To force IE to mimic the behavior of a certain version of IE when rendering the pages, you use the meta element  to include a “X-UA-Compatible” http-equiv header in  your web page or have it sent as part of the header by adding it to your web.config file. The values are listed below:

<meta http-equiv="X-UA-Compatible" content="IE=4">   <!-- IE5 mode -->
<meta http-equiv="X-UA-Compatible" content="IE=7.5"> <!-- IE7 mode -->
<meta http-equiv="X-UA-Compatible" content="IE=100"> <!-- IE8 mode -->
<meta http-equiv="X-UA-Compatible" content="IE=a">   <!-- IE5 mode --> 

This value can also be set in web.config like so:

<?xml version="1.0" encoding="utf-8"?>
<configuration>
   <system.webServer>
      <httpProtocol>
         <customHeaders>
            <clear />
            <add name="X-UA-Compatible" value="IE=EmulateIE7" />
         </customHeaders>
      </httpProtocol>
   </system.webServer>
</configuration>


The setting can added in the IIS metabase as described here.
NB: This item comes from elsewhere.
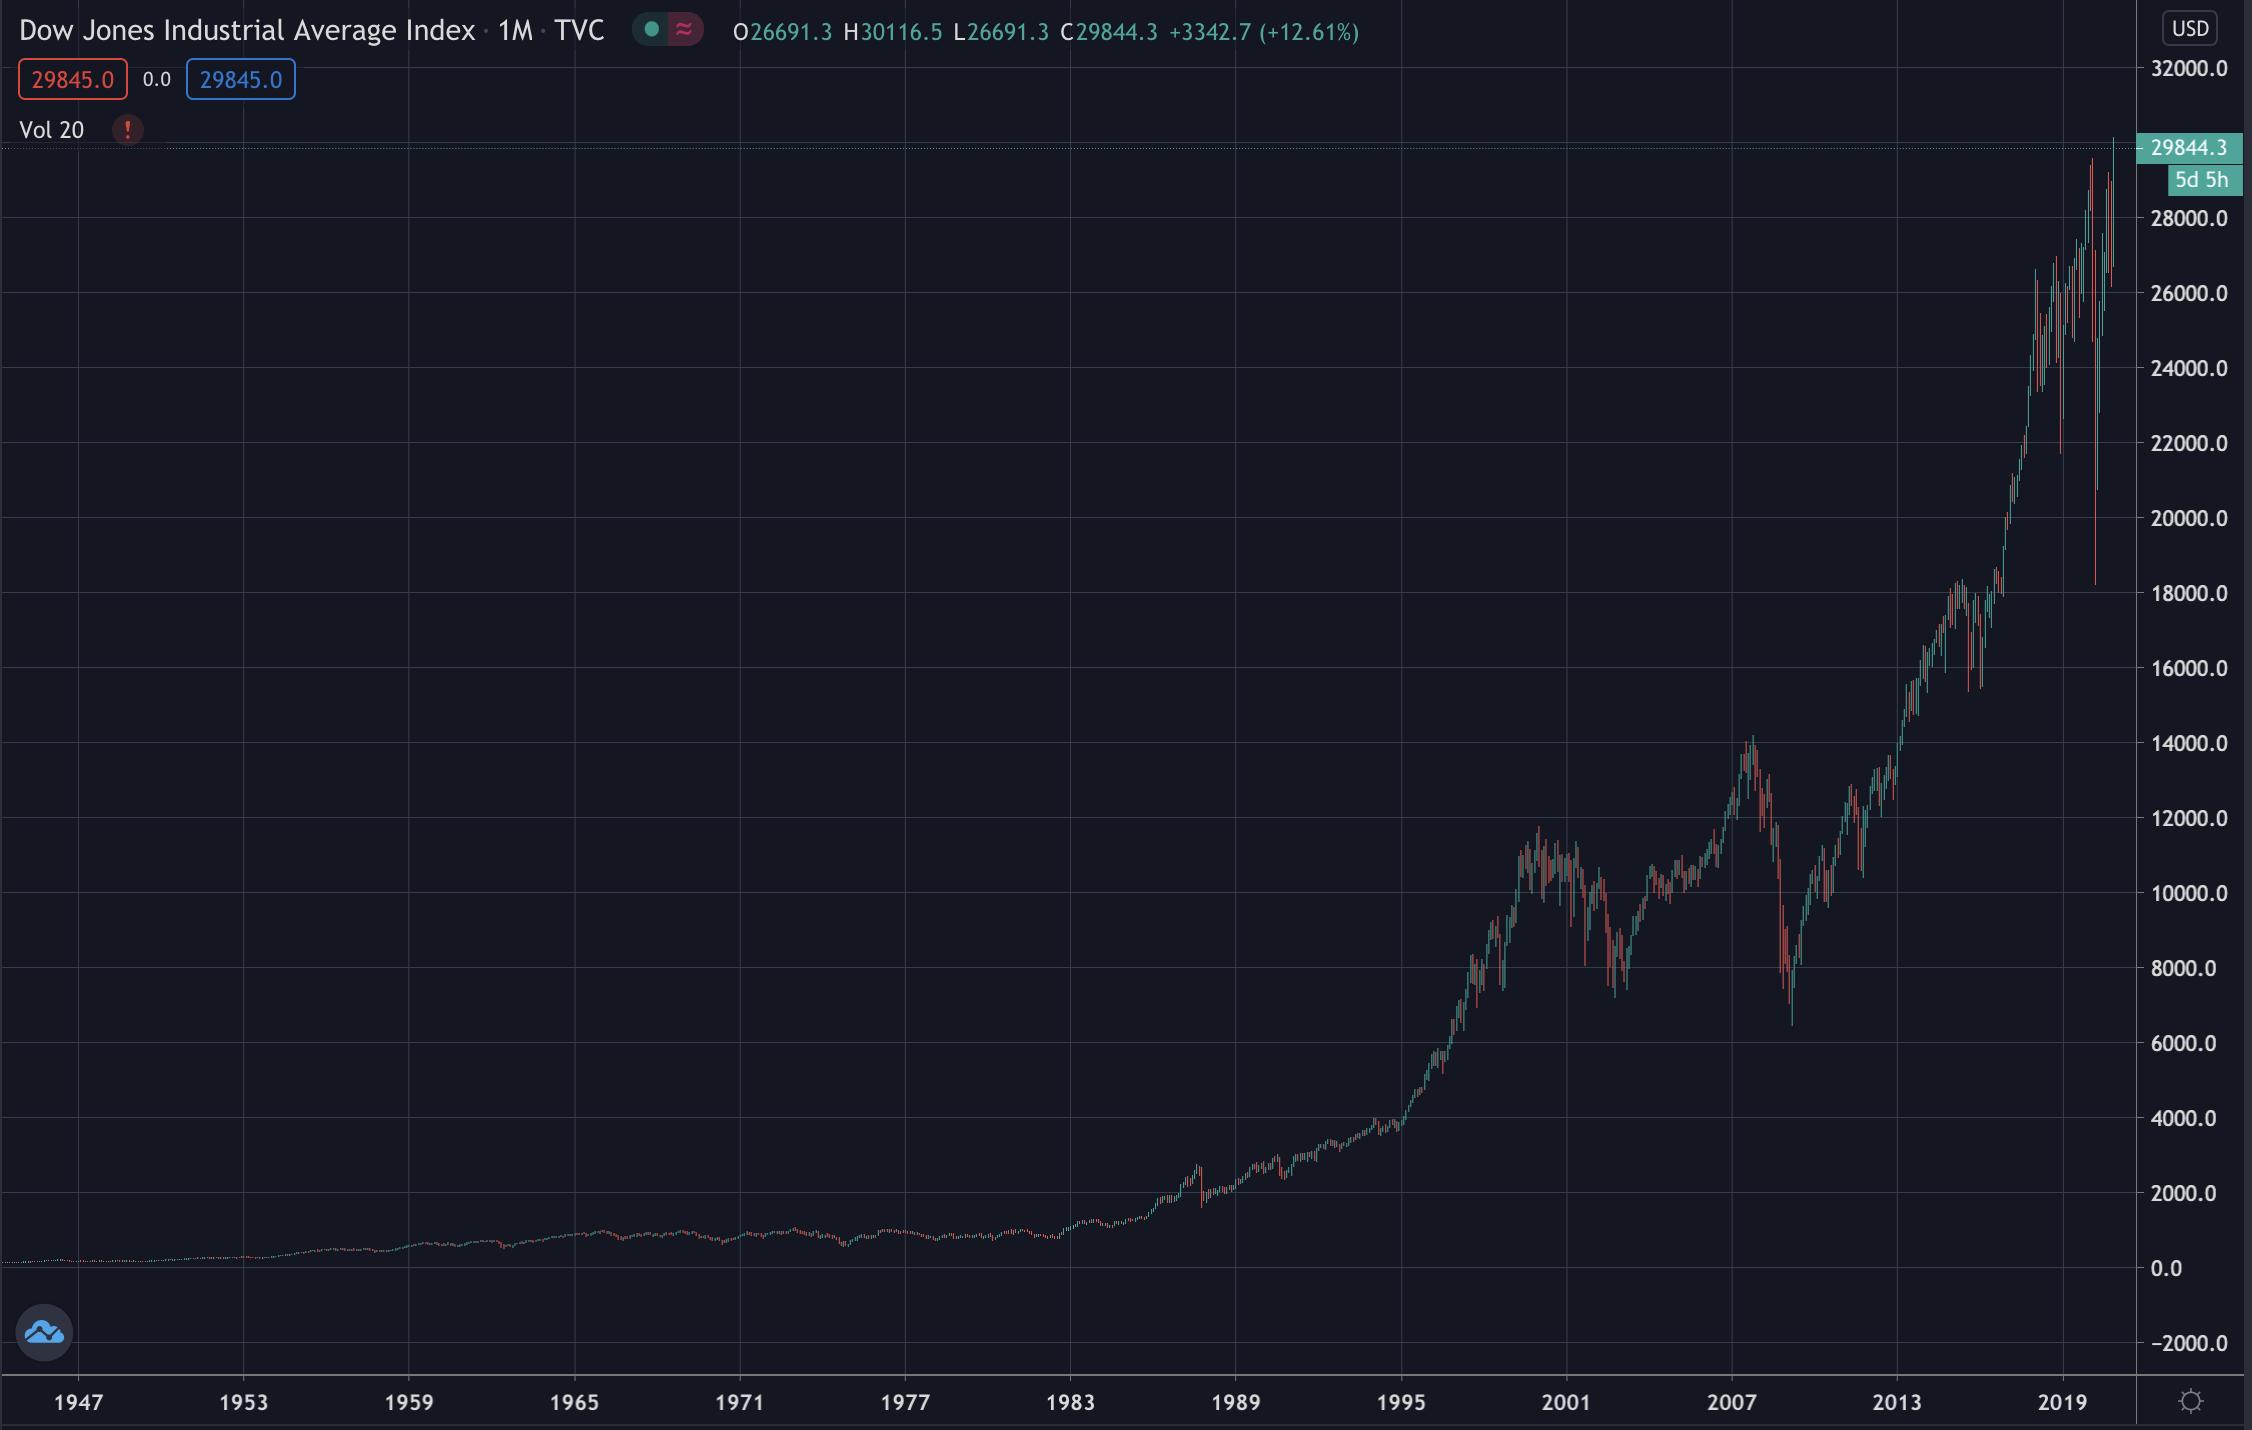 Dow Jones bull run continues, Nov 2020

Similarly, you can do the same in Apache by adding the directive in httpd.conf

<Location /store>
   Header set X-UA-Compatible “IE=EmulateIE7”
</Location>

Even though it can be done on a site level, I recommend you do it on a per application level to avoid confusing the developer.

References
Defining Document Compatibility
Implementing the META Switch on IIS
Implementing the META Switch on Apache

3 Comments

  • Good post, I've run into this frequently. It's one of the first things I look for when troubleshooting rendering differences on users workstations. The next thing I look for, browser plugins (like Skype) that re-write parts of your web-page (and sometimes, totally mess it up).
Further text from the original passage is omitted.